------ Task input
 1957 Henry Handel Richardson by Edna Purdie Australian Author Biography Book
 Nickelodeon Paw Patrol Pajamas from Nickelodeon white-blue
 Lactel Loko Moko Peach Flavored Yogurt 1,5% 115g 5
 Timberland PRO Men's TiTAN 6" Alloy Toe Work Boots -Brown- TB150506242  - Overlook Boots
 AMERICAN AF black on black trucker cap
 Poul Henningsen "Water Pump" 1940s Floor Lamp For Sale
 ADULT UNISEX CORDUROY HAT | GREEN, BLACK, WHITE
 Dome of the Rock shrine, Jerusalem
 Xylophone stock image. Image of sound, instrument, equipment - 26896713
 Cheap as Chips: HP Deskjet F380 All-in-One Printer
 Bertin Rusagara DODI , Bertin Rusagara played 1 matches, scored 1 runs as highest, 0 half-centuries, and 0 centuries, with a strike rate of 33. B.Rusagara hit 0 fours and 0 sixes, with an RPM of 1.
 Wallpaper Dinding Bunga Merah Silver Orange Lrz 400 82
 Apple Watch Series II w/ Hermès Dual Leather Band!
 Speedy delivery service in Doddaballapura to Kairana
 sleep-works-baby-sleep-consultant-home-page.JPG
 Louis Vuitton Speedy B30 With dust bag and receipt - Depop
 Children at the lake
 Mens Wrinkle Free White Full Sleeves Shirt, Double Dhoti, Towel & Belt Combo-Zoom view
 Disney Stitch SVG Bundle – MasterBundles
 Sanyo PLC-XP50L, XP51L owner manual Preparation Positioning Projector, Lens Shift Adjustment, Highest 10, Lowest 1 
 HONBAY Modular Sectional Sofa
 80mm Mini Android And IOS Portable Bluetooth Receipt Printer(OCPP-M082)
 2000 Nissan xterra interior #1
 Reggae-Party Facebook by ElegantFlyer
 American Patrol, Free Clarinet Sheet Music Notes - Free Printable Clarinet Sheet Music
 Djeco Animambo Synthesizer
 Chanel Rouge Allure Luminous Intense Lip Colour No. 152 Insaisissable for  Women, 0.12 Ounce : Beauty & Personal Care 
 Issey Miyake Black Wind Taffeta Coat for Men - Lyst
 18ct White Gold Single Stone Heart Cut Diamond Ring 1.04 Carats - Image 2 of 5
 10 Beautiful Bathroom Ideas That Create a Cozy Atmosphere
------------
**Exercise instructions**
Repeat each record word for word.

**Solution for this task**
 1957 Henry Handel Richardson by Edna Purdie Australian Author Biography Book
 Nickelodeon Paw Patrol Pajamas from Nickelodeon white-blue
 Lactel Loko Moko Peach Flavored Yogurt 1,5% 115g 5
 Timberland PRO Men's TiTAN 6" Alloy Toe Work Boots -Brown- TB150506242  - Overlook Boots
 AMERICAN AF black on black trucker cap
 Poul Henningsen "Water Pump" 1940s Floor Lamp For Sale
 ADULT UNISEX CORDUROY HAT | GREEN, BLACK, WHITE
 Dome of the Rock shrine, Jerusalem
 Xylophone stock image. Image of sound, instrument, equipment - 26896713
 Cheap as Chips: HP Deskjet F380 All-in-One Printer
 Bertin Rusagara DODI , Bertin Rusagara played 1 matches, scored 1 runs as highest, 0 half-centuries, and 0 centuries, with a strike rate of 33. B.Rusagara hit 0 fours and 0 sixes, with an RPM of 1.
 Wallpaper Dinding Bunga Merah Silver Orange Lrz 400 82
 Apple Watch Series II w/ Hermès Dual Leather Band!
 Speedy delivery service in Doddaballapura to Kairana
 sleep-works-baby-sleep-consultant-home-page.JPG
 Louis Vuitton Speedy B30 With dust bag and receipt - Depop
 Children at the lake
 Mens Wrinkle Free White Full Sleeves Shirt, Double Dhoti, Towel & Belt Combo-Zoom view
 Disney Stitch SVG Bundle – MasterBundles
 Sanyo PLC-XP50L, XP51L owner manual Preparation Positioning Projector, Lens Shift Adjustment, Highest 10, Lowest 1 
 HONBAY Modular Sectional Sofa
 80mm Mini Android And IOS Portable Bluetooth Receipt Printer(OCPP-M082)
 2000 Nissan xterra interior #1
 Reggae-Party Facebook by ElegantFlyer
 American Patrol, Free Clarinet Sheet Music Notes - Free Printable Clarinet Sheet Music
 Djeco Animambo Synthesizer
 Chanel Rouge Allure Luminous Intense Lip Colour No. 152 Insaisissable for  Women, 0.12 Ounce : Beauty & Personal Care 
 Issey Miyake Black Wind Taffeta Coat for Men - Lyst
 18ct White Gold Single Stone Heart Cut Diamond Ring 1.04 Carats - Image 2 of 5
 10 Beautiful Bathroom Ideas That Create a Cozy Atmosphere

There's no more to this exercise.